Каков подлец! Каков гадёныш! Убить его мало! Хотя можно и убить!
Он схватил пистолет, который всегда был при нём, и выскочил в коридор. Где этот мерзавец? Ударом ноги вышиб соседнюю дверь, ворвался в комнату, в которой проживал Антонио, но никого там не нашёл.
Выстрелил в люстру, вышел в коридор и расстрелял все плафоны.
Замок погрузился во тьму. Послышалась ругань, плачь и торопливый топот. Взвыл тонкий женский голосок. Послышались причитания.
Кто-то зажёг свечи. Кто-то вызвал полицию.
Минуя остолбеневшего хозяина, Пётр стремительно покинул отель.
Добравшись до Турина, засел в ресторане. Сидел, пил коньяк и осторожно двигал задницей. Болело внутри, в самой сердцевине. Ворочались тяжёлые мысли: возможно, это была вендетта?

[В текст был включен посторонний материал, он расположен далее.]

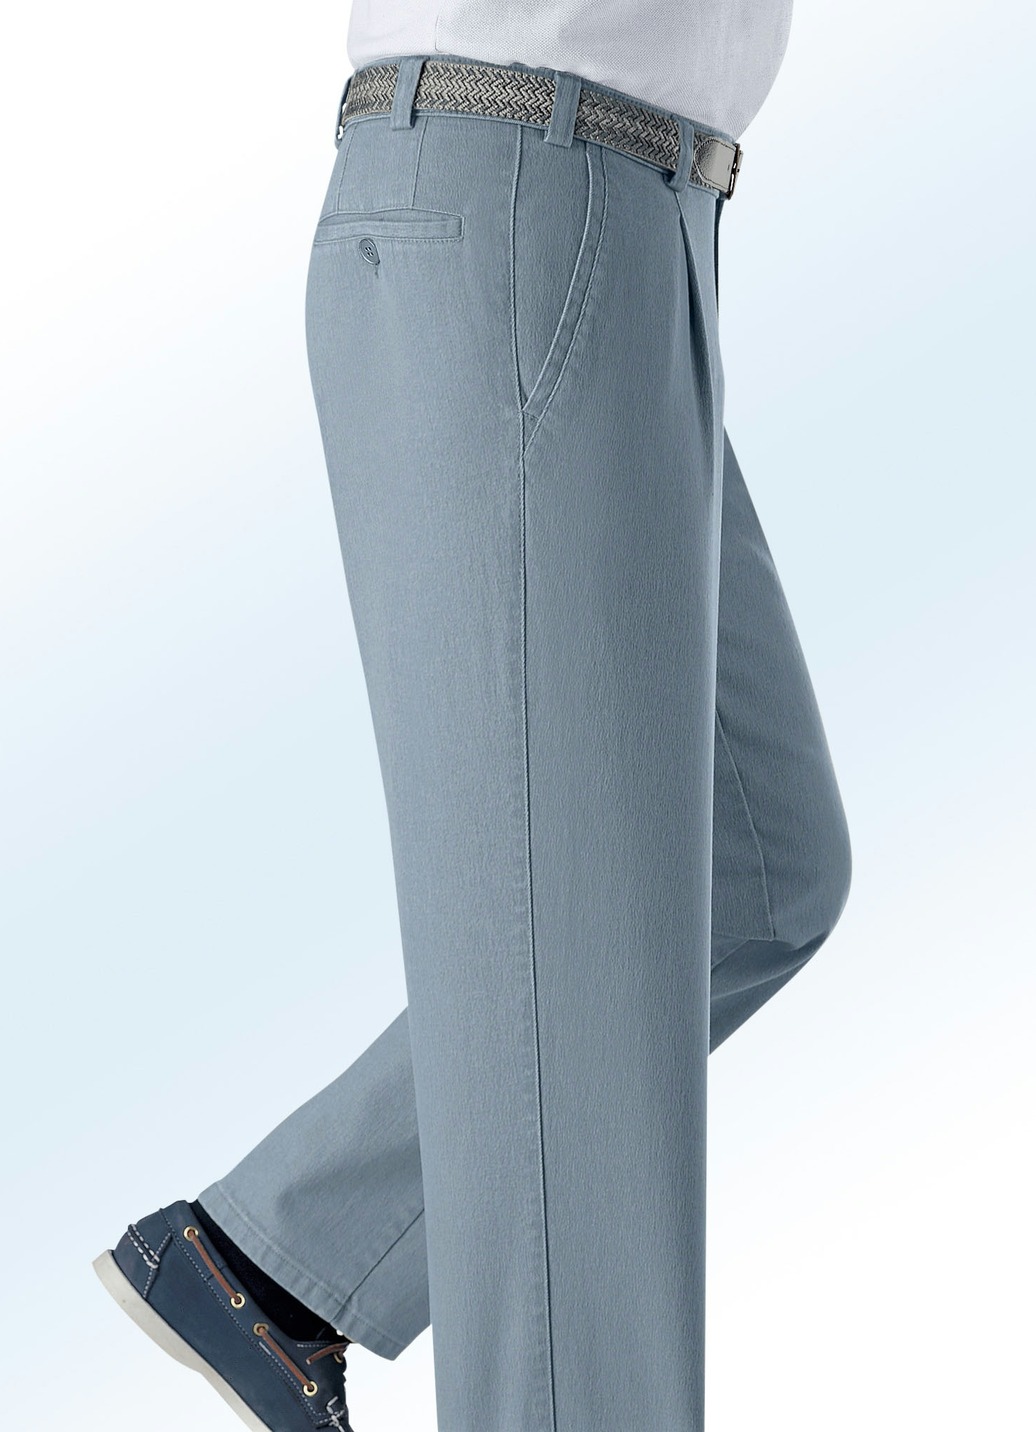 Unterbauch-Jeans mit Gürtel in 3 Farben, Mittelgrau, Größe 30 von BADER

Вендетта – обычное дело для итальянской семьи. Хотя нет! Семья здесь не причём. Это была хулиганская выходка. Дерзкая подростковая хулиганская выходка.
Что же с этим делать?
От употребления коньяка эмоции упростились. Он решил, что помнить об этом глупо. Простить – великодушно. Не настолько он глуп, чтобы быть великодушным.
Что же остаётся делать?
Плюнуть! Не жевать, как жвачку, не обсасывать, как кость, а просто выплюнуть.
Только придётся заплатить. Чтобы не выложил фотографии в СМИ. Придётся заплатить. А как же без этого? Спокойствие стоит денег.
Он позвонил Антонио. Угрожал. Требовал, чтобы тот держал язык за зубами. Не проронил ни слова. Ни фото, ни намёка о том, что произошло этой ночью. Если Антонио проболтается, приедут русские дяди и разберутся с ним. Мало не покажется!
Перепуганный Антонио пообещал молчать. Всё ли он понял? Ведь Пётр говорил по-английски. Понял, если не дурак.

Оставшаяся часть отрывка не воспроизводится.